Science Portal (Next.js)

The Science Portal is the browser UI for launching and monitoring Skaha sessions. Install it after Skaha is running and registered in the IVOA Registry.

/reg/resource-caps

...
ivo://example.org/skaha = https://example.host.com/skaha/capabilities
...

New stack vs legacy (plain language)

Topic science-portal chart (science-platform/science-portal) science-portal legacy chart (science-platform/scienceportal)
What users see A modern single-page style site: pages load quickly and update in place (React + Next.js). A classic Java web application: each click often reloads a server-built page (JSP on Tomcat).
How it runs in Kubernetes A lightweight Node.js container (port 3000). A Java/Tomcat container (port 8080) plus a bundled Redis chart for session storage.
How you configure it app settings in values (API URLs, OIDC, NextAuth) — see chart source. deployment.sciencePortal and Tomcat property files — see archived values.
When to use it Default for new deployments. Existing sites still on the 1.x Tomcat image; migrate when ready.

Chart source

The Science Portal Helm chart lives in opencadc/science-portal under helm/. The same chart is published in the science-platform Helm repository as science-portal (note the hyphen). The older chart name in that repository is scienceportal (no hyphen).

Before you install

  1. Skaha and Cavern must be deployed and reachable at the SRC API URLs you set in app.api.srcSkaha / app.api.srcCavern (and the matching app.public.api entries).
  2. OIDC image: Use a container image built for OIDC (NEXT_PUBLIC_USE_CANFAR=false). Set app.useCanfar: false in values — see upstream DEPLOYMENT-MODES.md.
  3. SKA IAM: Register your client redirect URI with the OpenID Provider (for example SKA IAM) before go-live.
  4. Secrets (OIDC + NextAuth):
kubectl -n skaha-system create secret generic science-portal-secrets \
  --from-literal=oidc-client-secret='REPLACE_WITH_IDP_CLIENT_SECRET' \
  --from-literal=auth-secret="$(openssl rand -base64 32)"

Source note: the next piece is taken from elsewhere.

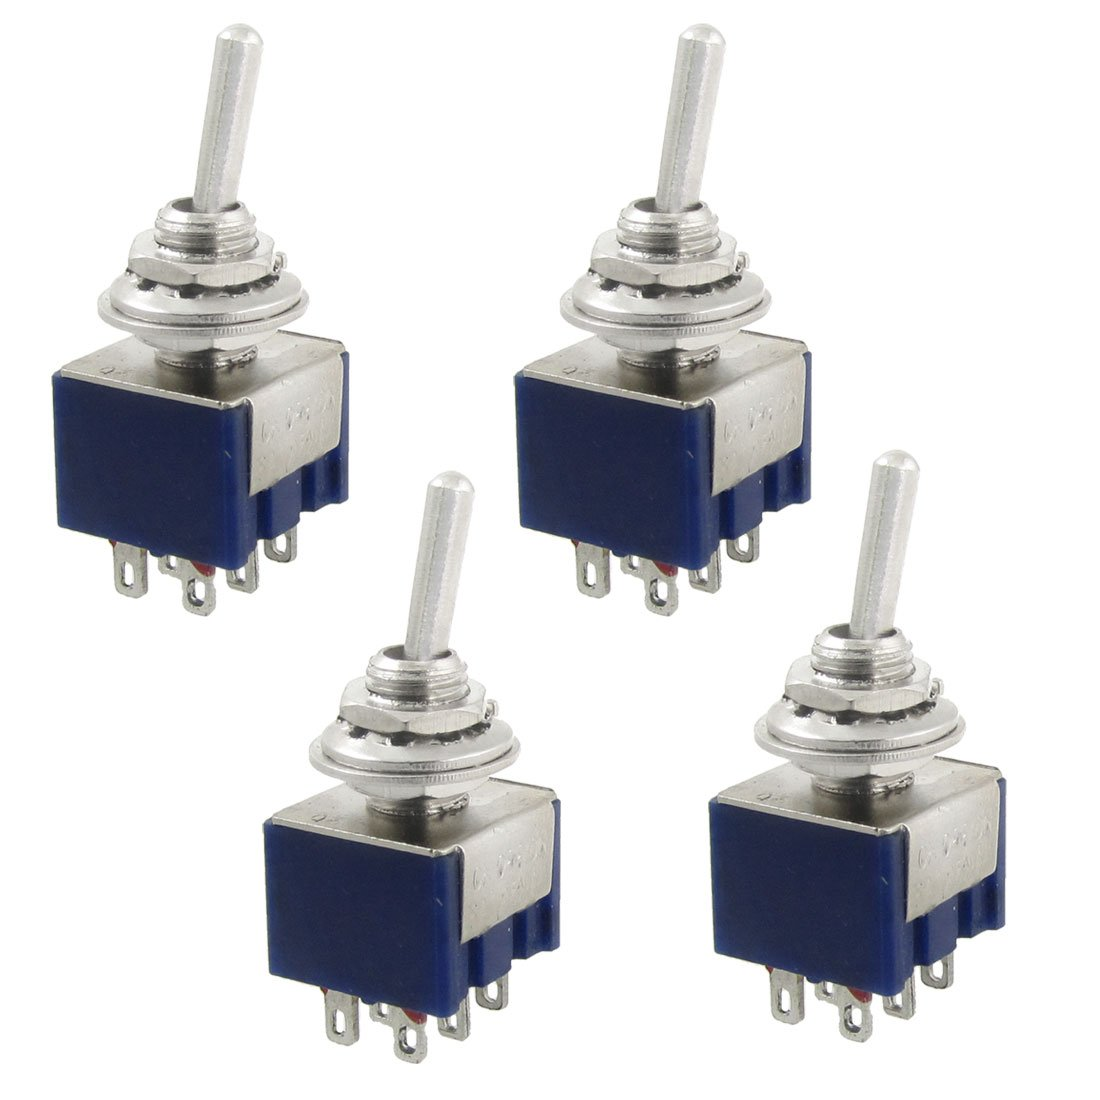 sourcingmap 4 piezas AC 125V 6A 6 terminales On/Off/On 3 Posició n Interruptor de palanca en miniatura DPDT a12040900ux0597

Register redirect URIs with your OpenID Provider to match app.oidc.redirectUri and your NextAuth routes.

Example values file

Create my-science-portal-local-values-file.yaml from the template values.yaml in opencadc/science-portal (also mirrored under helm/applications/science-portal/values.yaml in this repo). Replace hostnames, IAM client id, and registry IDs with your site.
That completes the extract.